As estatísticas da Secretaria de Defesa Social (SDS) mostram que em março, abril e maio deste ano a redução ficou em torno de 30%, comparada com o mesmo período do ano passado. Especialistas e profissionais que trabalham na área são categóricos ao afirmar que essa queda no número dos registros esconde, na verdade, uma subnotificação dos casos, em decorrência da dificuldade ou da impossibilidade de a vítima fazer a denúncia.
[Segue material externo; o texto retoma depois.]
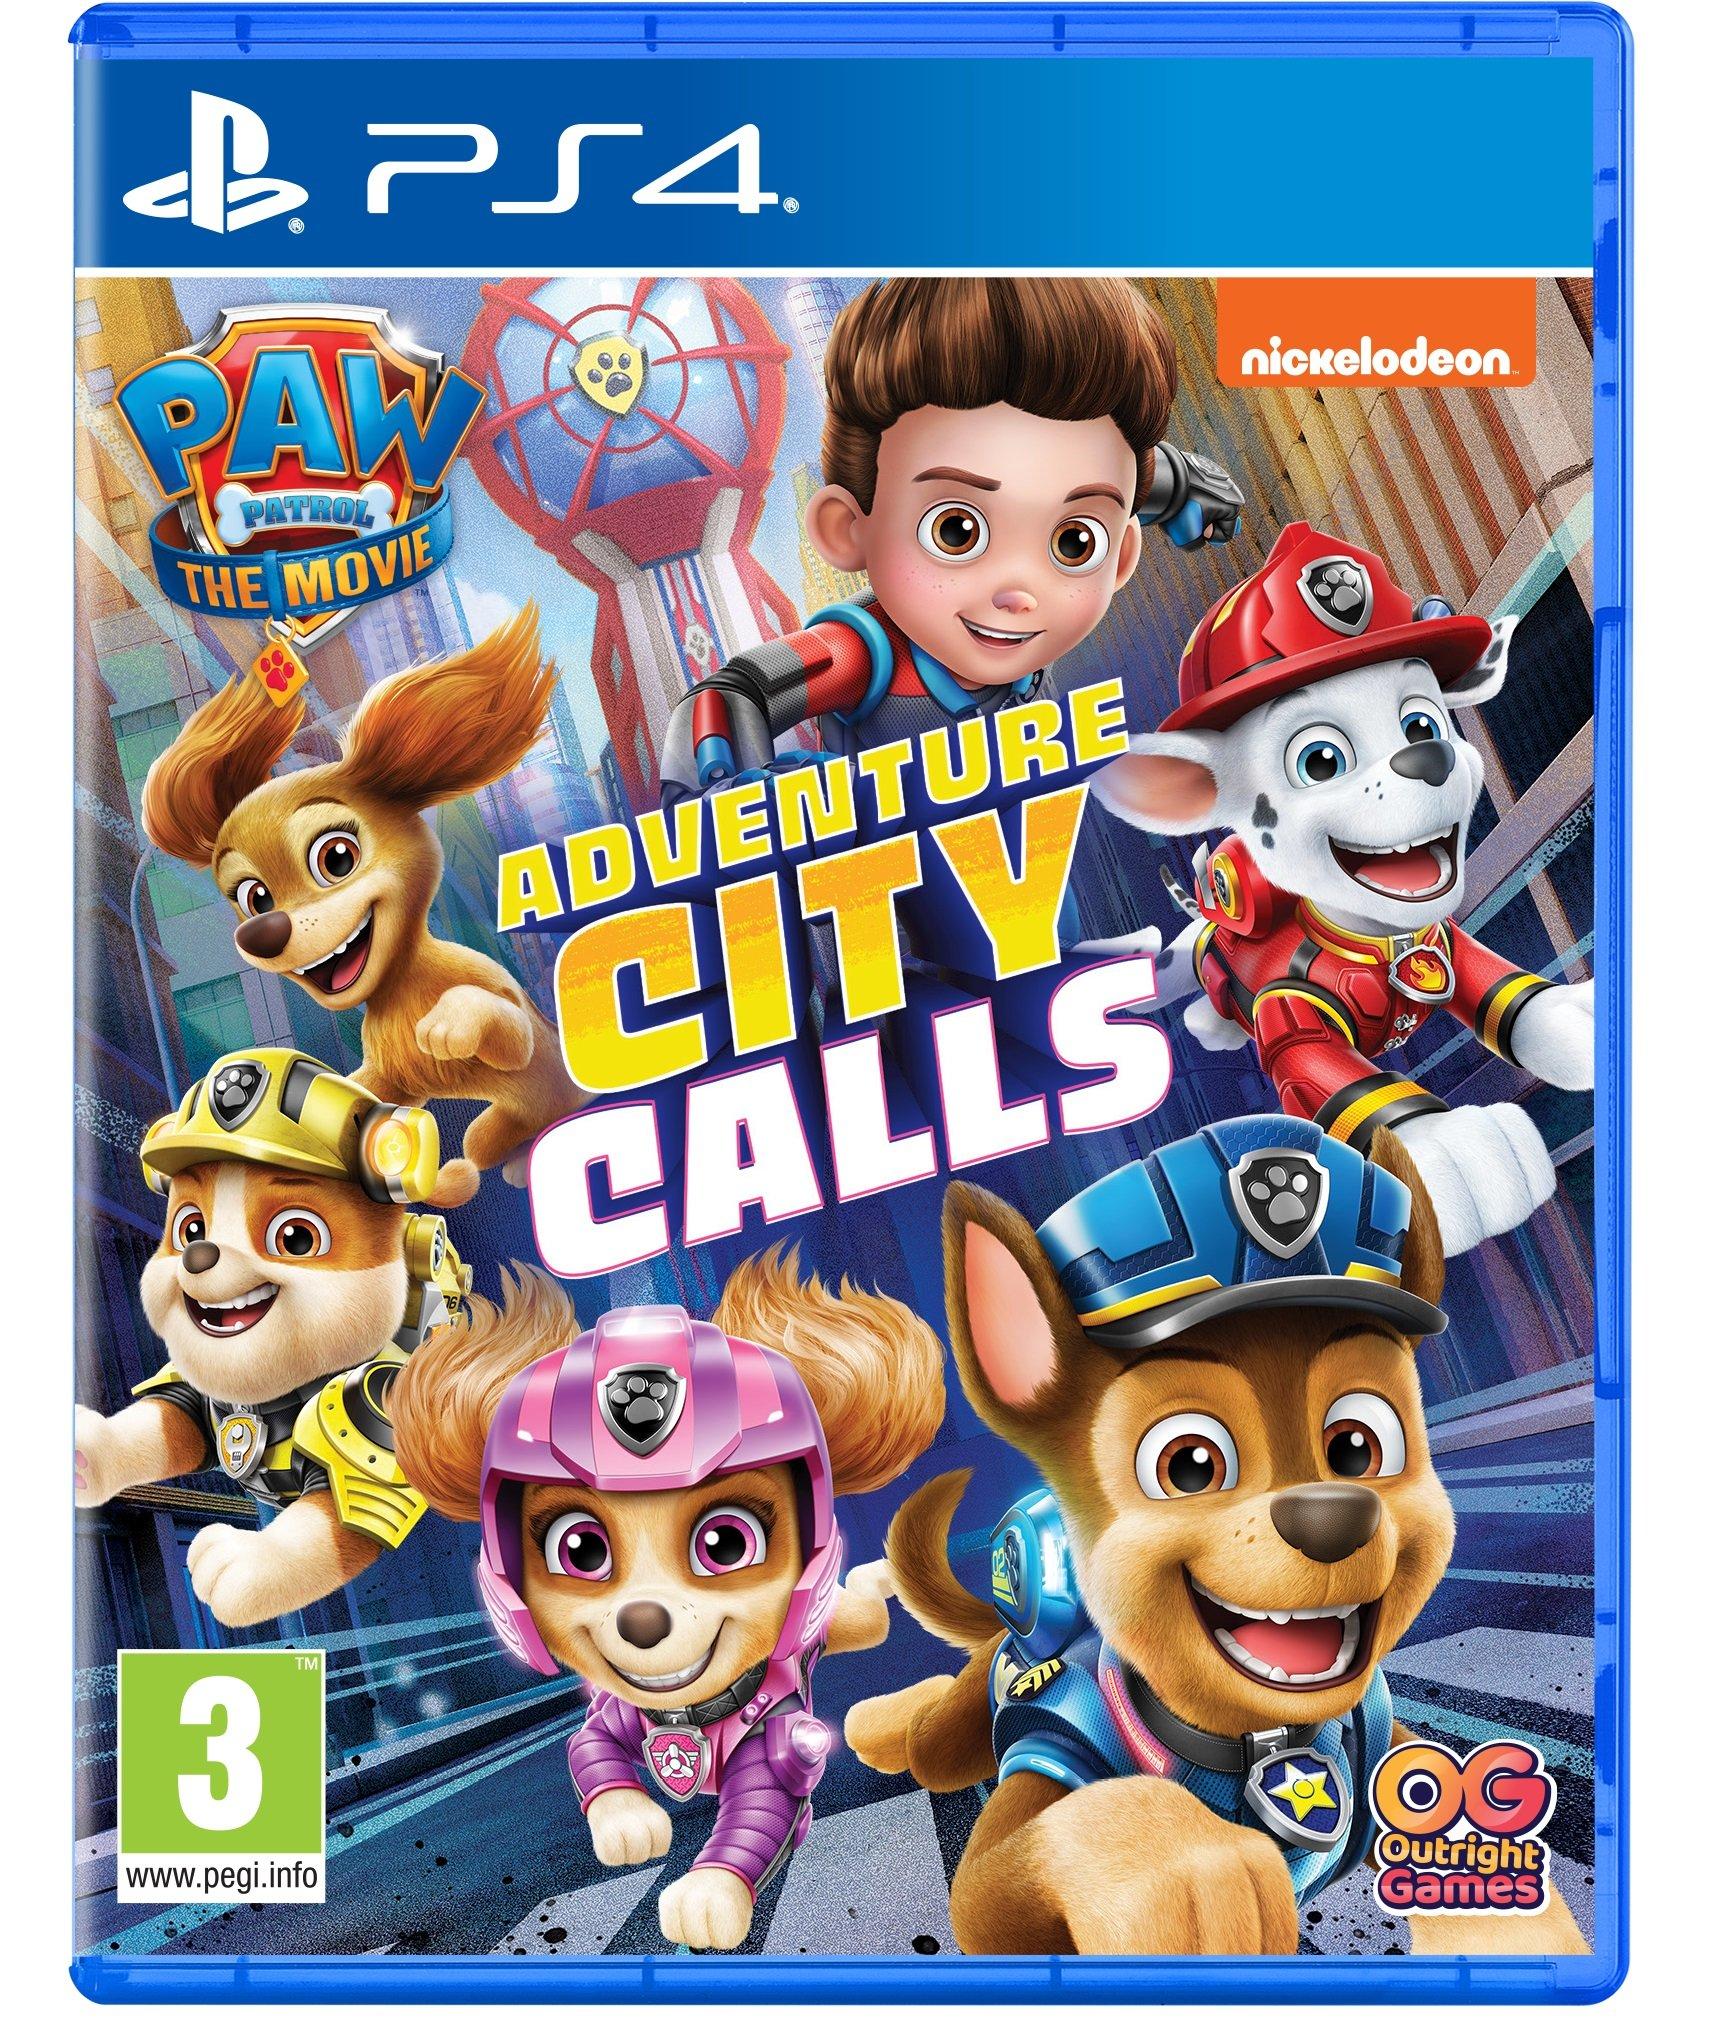 Kaufe Paw Patrol The Movie Adventure City Calls Playstation 4 Englisch Standard Inkl Versand

Uma prova desse cenário é que, a partir de agosto, quando houve uma maior reabertura das atividades e um aumento da circulação das pessoas, os registros voltaram a crescer, chegando a ficar muito próximos dos números de 2019. A exceção foi o mês passado, que apresentou uma nova redução, de 31%.

"Havia uma demanda reprimida, que está voltando. A gente acredita que pode ter havido até um aumento dos casos na pandemia, já que as vítimas estavam mais vulneráveis. Mas o confinamento terminou contribuindo para essa redução nos registros oficiais. Não só em relação ao crime sexual. Observamos uma queda no número de denúncias de violência de qualquer natureza", afirma o delegado Geraldo da Costa, da Delegacia Especializada de Crimes Contra Criança e Adolescente da Capital (Deca).

"A redução é muito sintomática do confinamento. Havia um impedimento real para vítimas e familiares registrarem a ocorrência. Assim como a violência doméstica, o agressor está dentro de casa ou é alguém próximo da família. Então, as chances de interromper esse ciclo, no meio de uma pandemia, são muito menores", diz a advogada criminalista Fernanda Lima, que atua em casos de violência de gênero e de crianças e jovens vítimas de abusos sexuais.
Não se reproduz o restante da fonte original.